NapBiome: Targeting Gut Microbiota and Sleep Rhythm to Improve Developmental and Behavioral Outcomes in Early Childhood

The gut-brain axis plays a crucial role in the regulation and development of psychological and physical processes. The first year of life is a critical period for the development of the gut microbiome, which parallels important milestones in establishing sleep rhythm and neurodevelopment. Growing evidence suggests that the gut microbiome influences sleep, cognition, and early neurodevelopment. For term and preterm-born infants, difficulties in sleep regulation can have major consequences on infants' health, attachment between infants and their caregivers, and can even lead to life-threatening consequences such as shaken-baby syndrome. Preterm born infants are at even higher risk for sleep and neurodevelopmental problems. Although neonatal care has improved over recent decades, preterm birth rates continue to rise and lead to a wide range of neurodevelopmental disabilities that are unaddressed with current therapies. Given the importance of sleep and the gut microbiome for brain maturation, neurodevelopment, and behavior, identifying effective interventions within the gut-brain axis at the beginning of life is likely to have long-term implications for health and development of at-risk infants.

The aims of this project are to I) demonstrate the association between the gut microbiome, sleep patterns and health outcomes in children up to two years of age; and II) to leverage gut microbiome-brain-sleep interactions to develop new intervention strategies for at-risk infants. The investigators hypothesize that the establishment of a healthy gut microbiome during early life is crucial for both short- and long-term child health outcomes, as dysbiosis can harm sleep regulation, brain maturation, and neurobehavioral development. The investigators predict that the administration of synbiotics improves microbiota establishment, sleep rhythm, and neurodevelopmental outcomes.

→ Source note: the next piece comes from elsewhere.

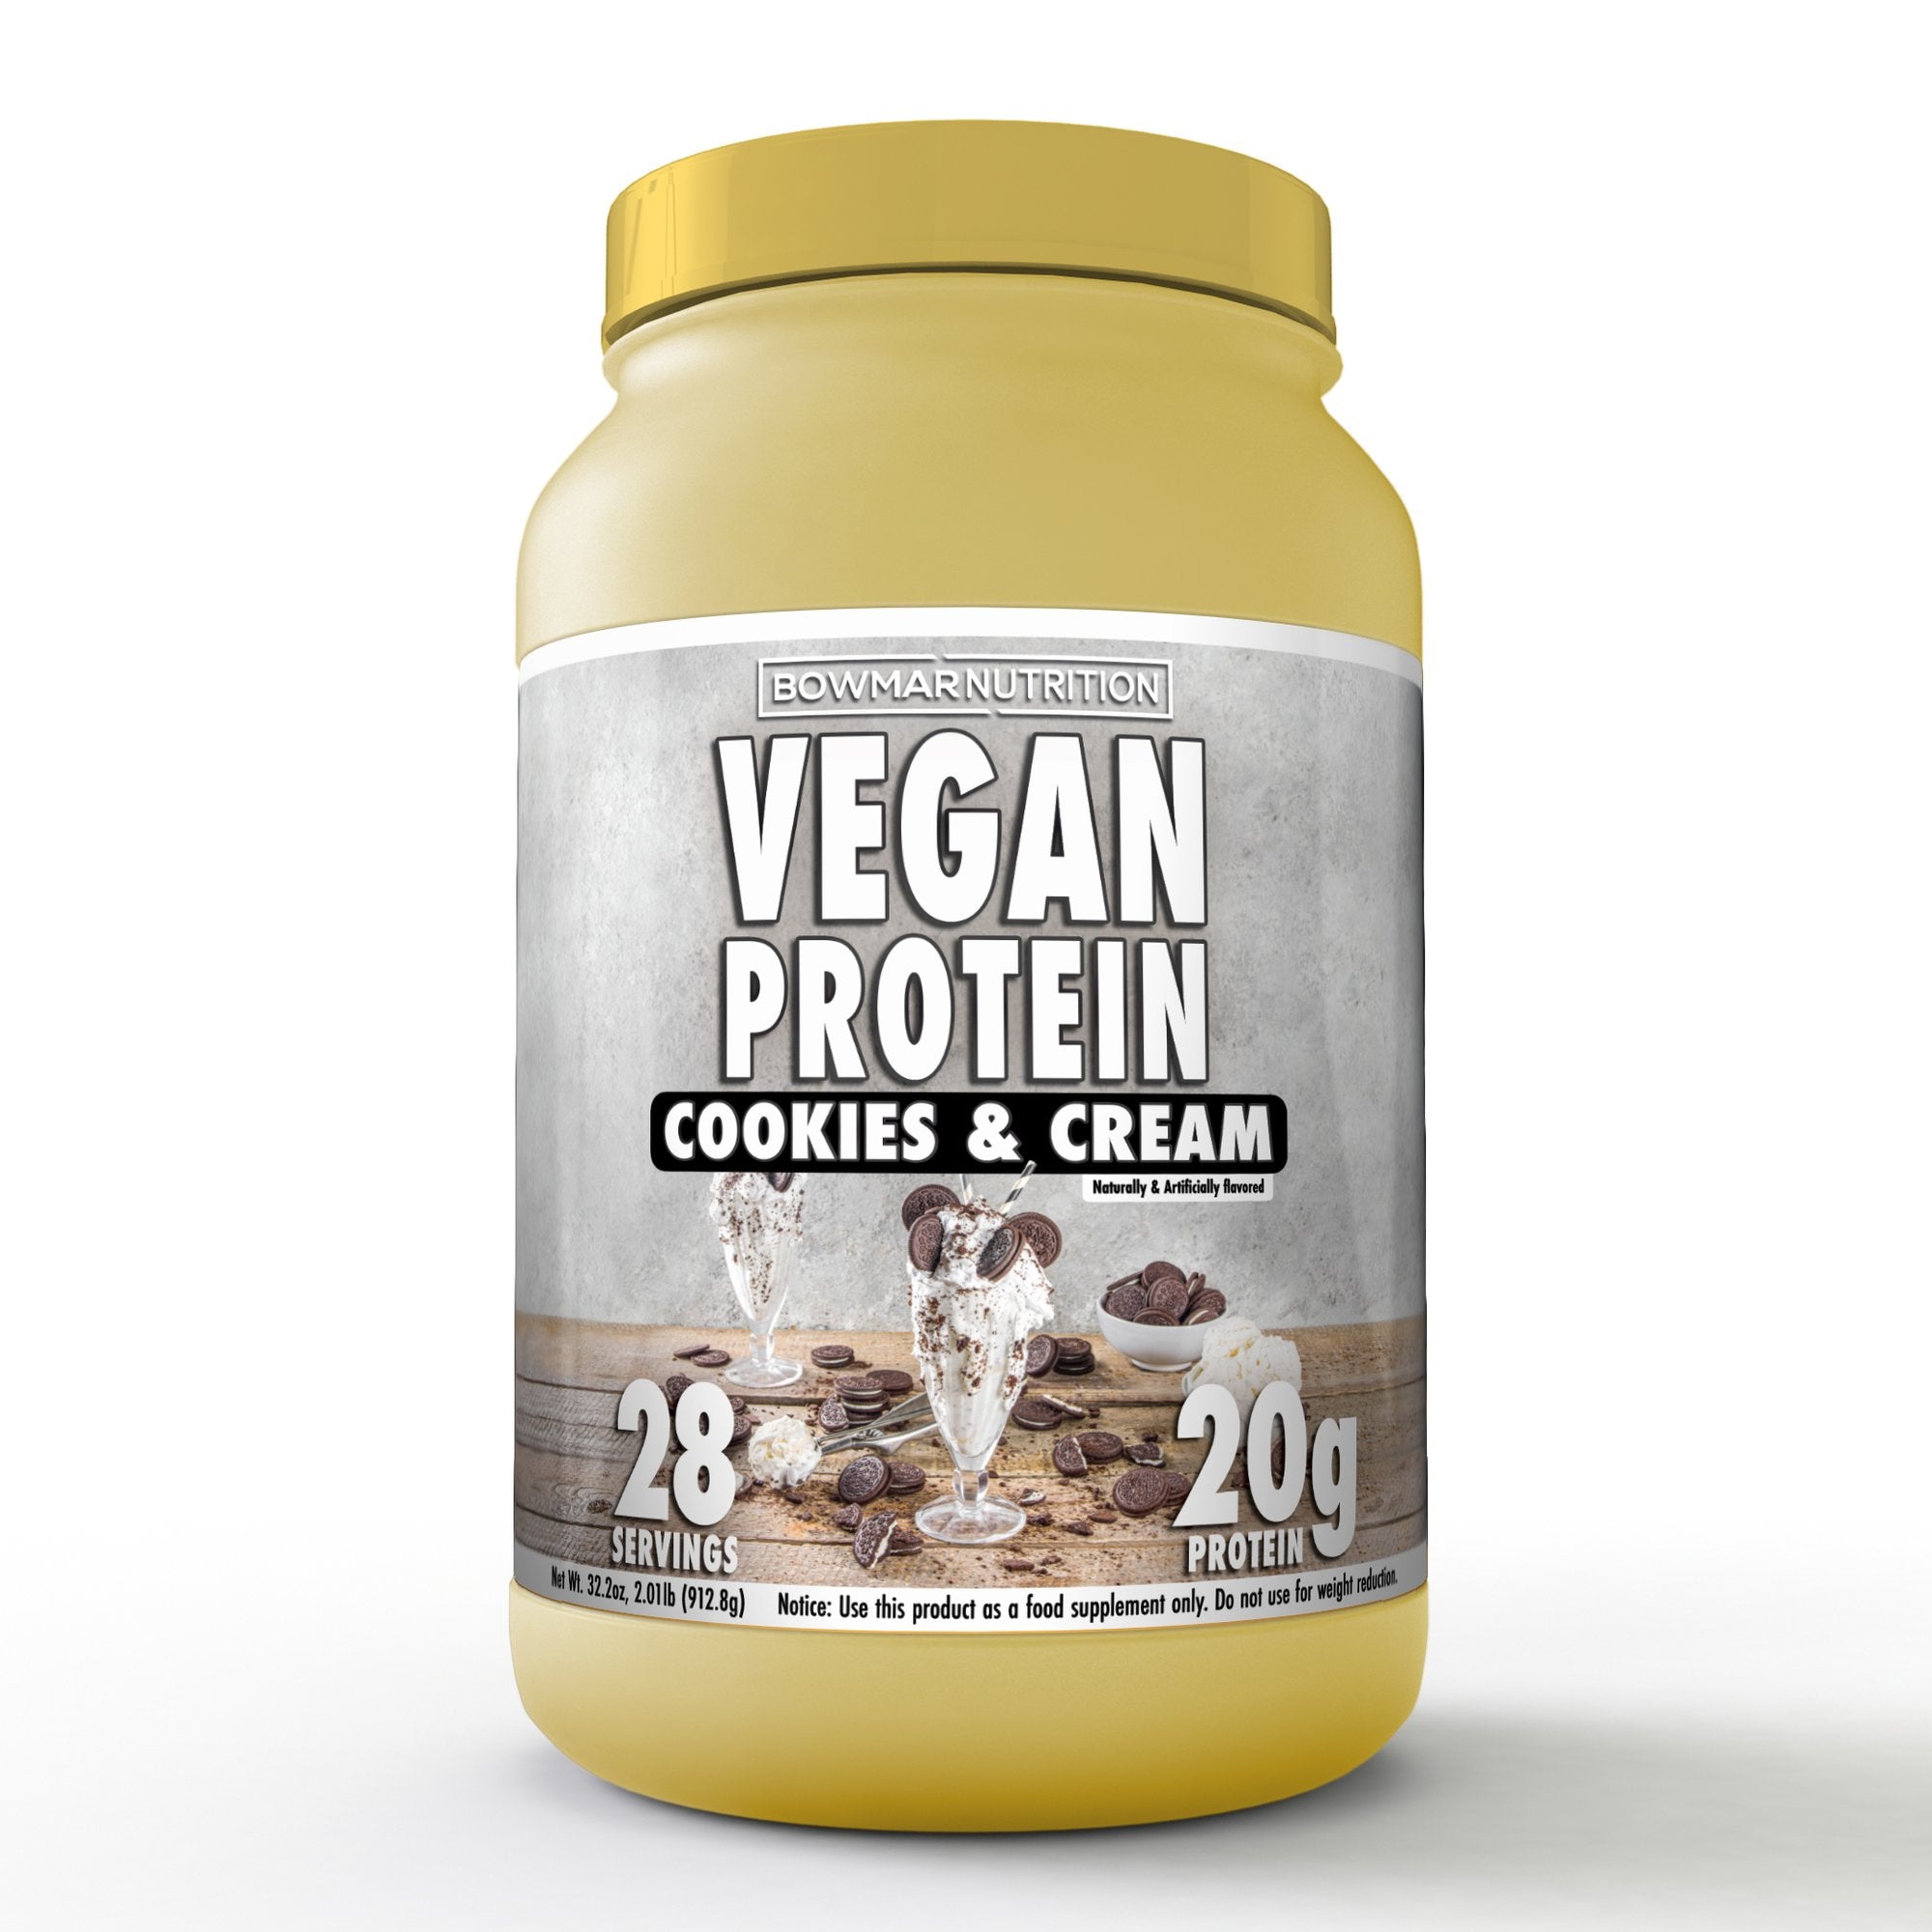 Bowmar Nutrition Vegan Protein (2lb) Vegan Protein Cookies And Cream bowmar bowmar-nutrition-vegan-protein-2lb

This project integrates a randomized controlled trial (RCT), ex vivo, and in silico experiments with I) key technology platforms for computational modeling to capture the ontogenic norms of gut microbiota; II) neuronal and actimetry-based quantification of multidimensional aspects of infant sleep; III) breath metabolomics (exhalomics) of host and microbiome metabolism; and IV) high-throughput ex vivo models for investigating host-microbiome interactions. Outcomes include I) an understanding of age-normative microbiome composition, its variation (circadian, inter-individual), and the factors that influence the microbiome's plasticity throughout infancy; II) actionable knowledge of microbial species and metabolism that can be targeted to modify sleep regulation and improve neurodevelopmental outcomes, especially in at-risk infants (e.g., preterm-born); III) microbial and metabolic biomarkers with diagnostic potential for later regulatory and behavioral problems; and IV) an open-source analytical "toolbox" for microbial multi-omics that can be immediately applied in other areas of microbiome-host research. To achieve these goals, our strategy combines multiple disciplines focusing on factors that exert the greatest influence on health during infancy: the gut microbiome, sleep regulation, and neurodevelopment.

The impact of this project is substantial and globally relevant, as it advances possible treatment options for supporting neurodevelopmental health in preterm- and term-born infants, explores novel translational approaches for addressing regulatory difficulties, and provides key information for tailored prophylactic synbiotics and possible development of "post-biotics". Further, the study supports the investigation of biomarkers for neurodevelopment and advances early prevention of developmental and mental illnesses.